RECORD EXCERPTS:

>>>

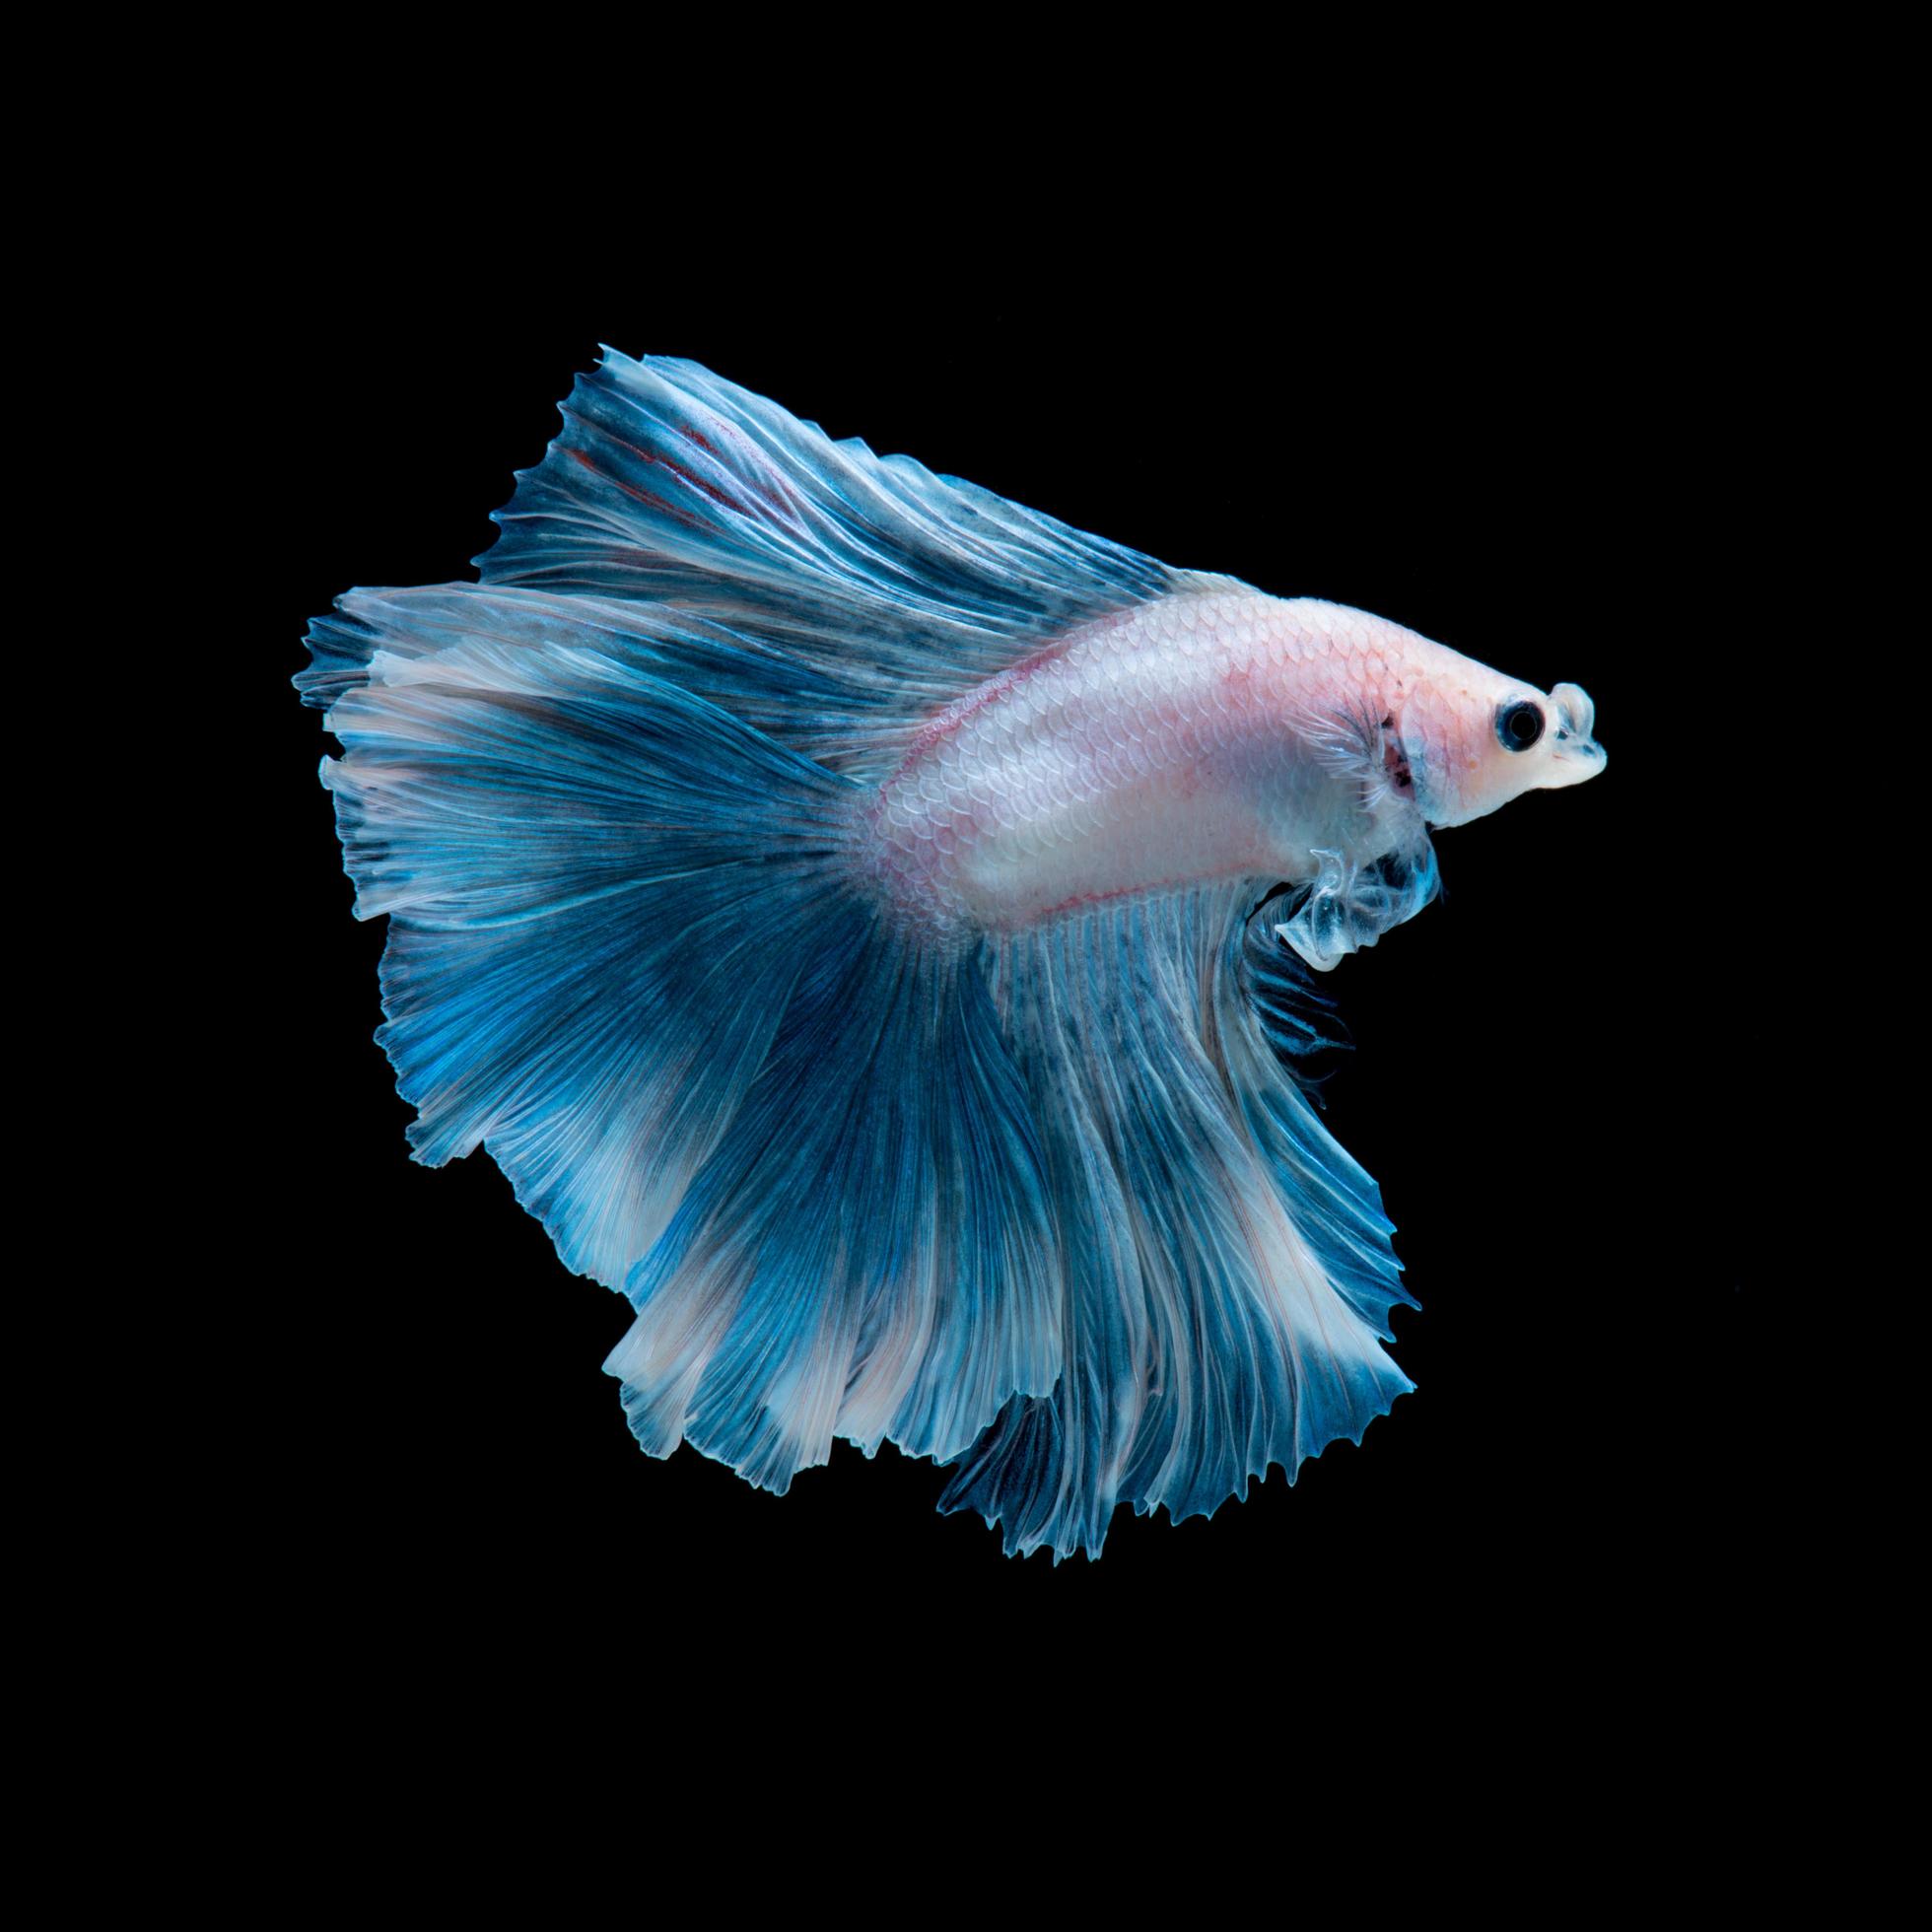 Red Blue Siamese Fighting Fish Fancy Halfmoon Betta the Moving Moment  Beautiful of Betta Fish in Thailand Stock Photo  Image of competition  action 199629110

<<<
>>>

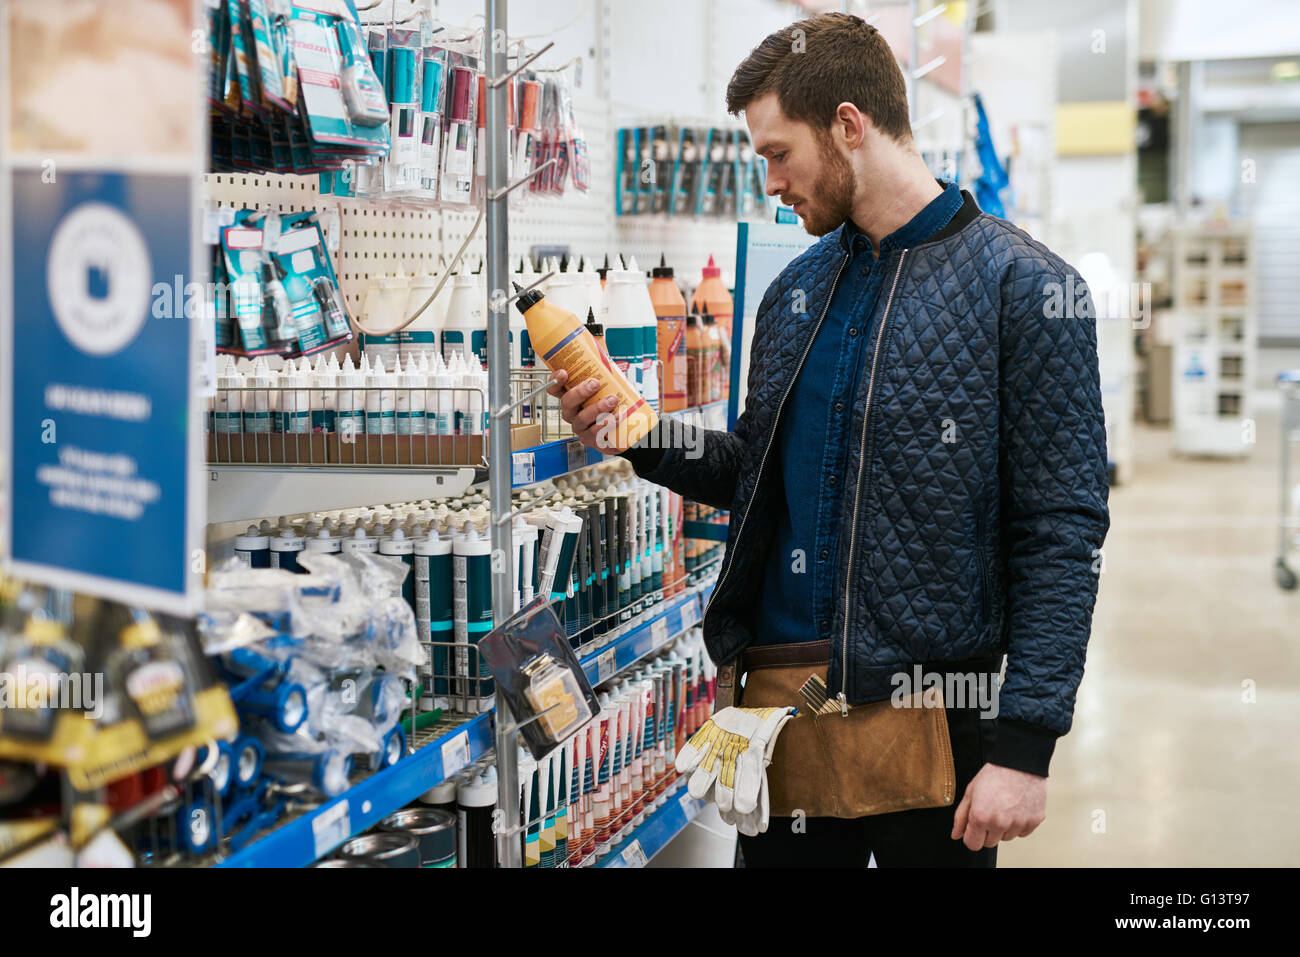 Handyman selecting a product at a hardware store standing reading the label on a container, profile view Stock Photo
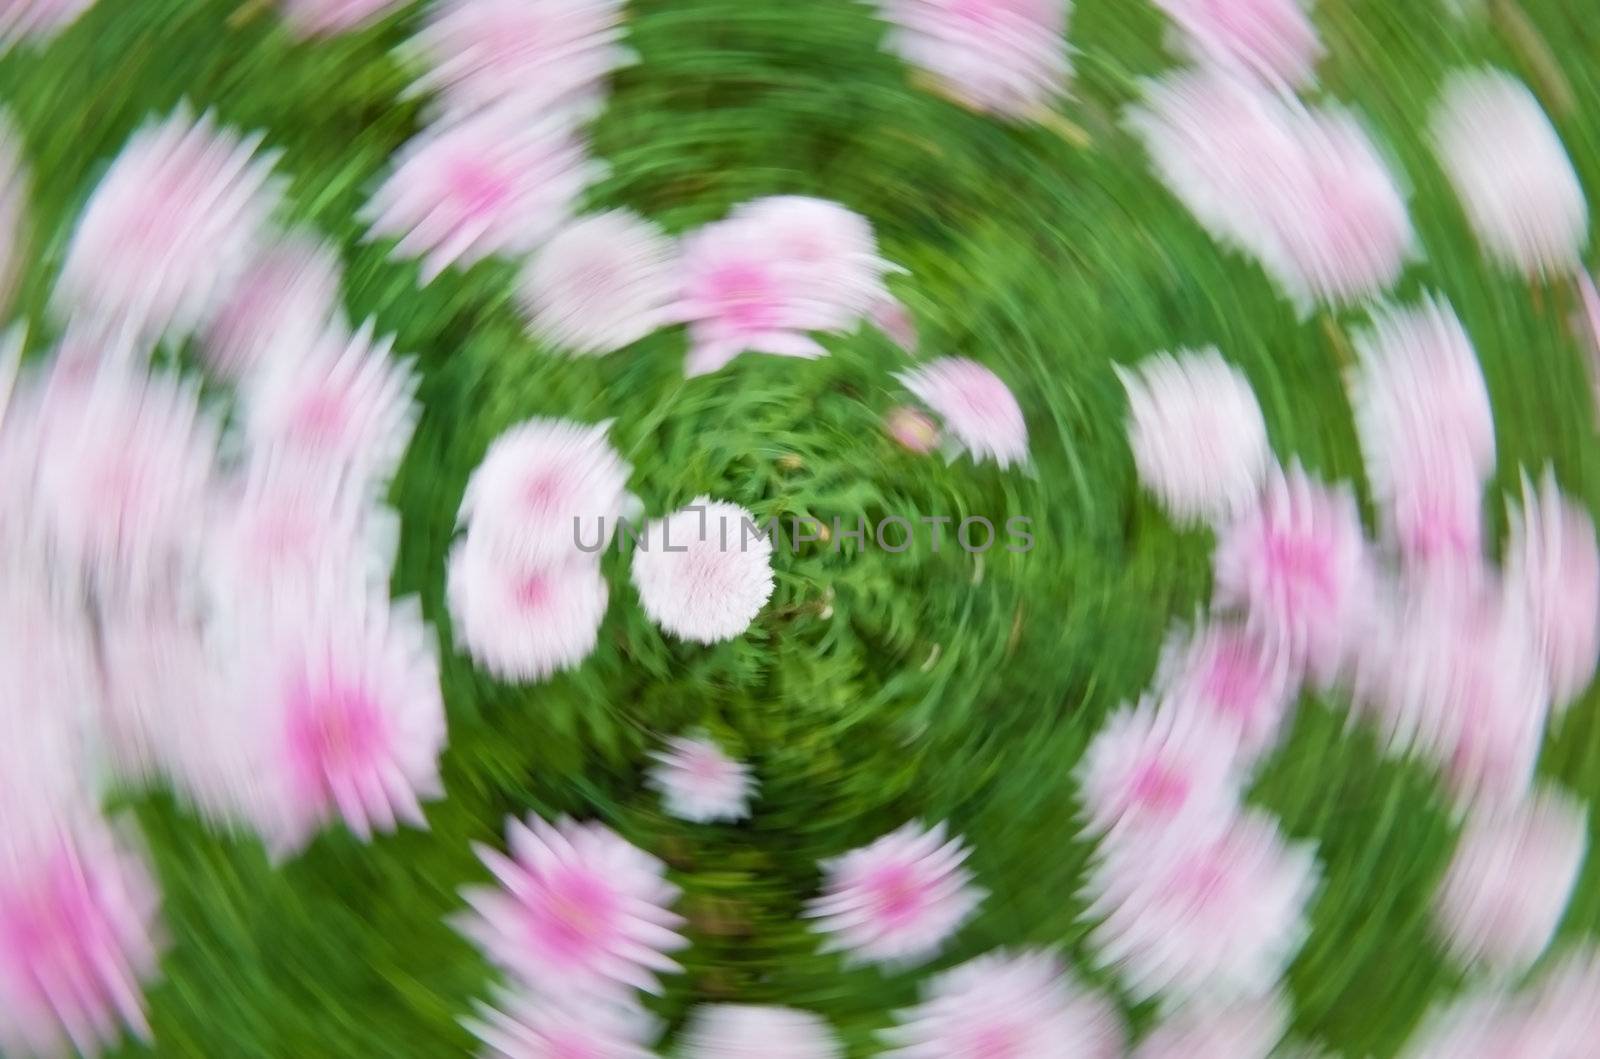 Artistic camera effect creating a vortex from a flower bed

<<<

TASK DESCRIPTION: Copy exactly the part of the material above that opens with the line containing "Handyman selecting a" and closes with the line containing "Artistic camera effect", ends included. Drop the images.

PROBLEM SOLUTION:
 Handyman selecting a product at a hardware store standing reading the label on a container, profile view Stock Photo
 Artistic camera effect creating a vortex from a flower bed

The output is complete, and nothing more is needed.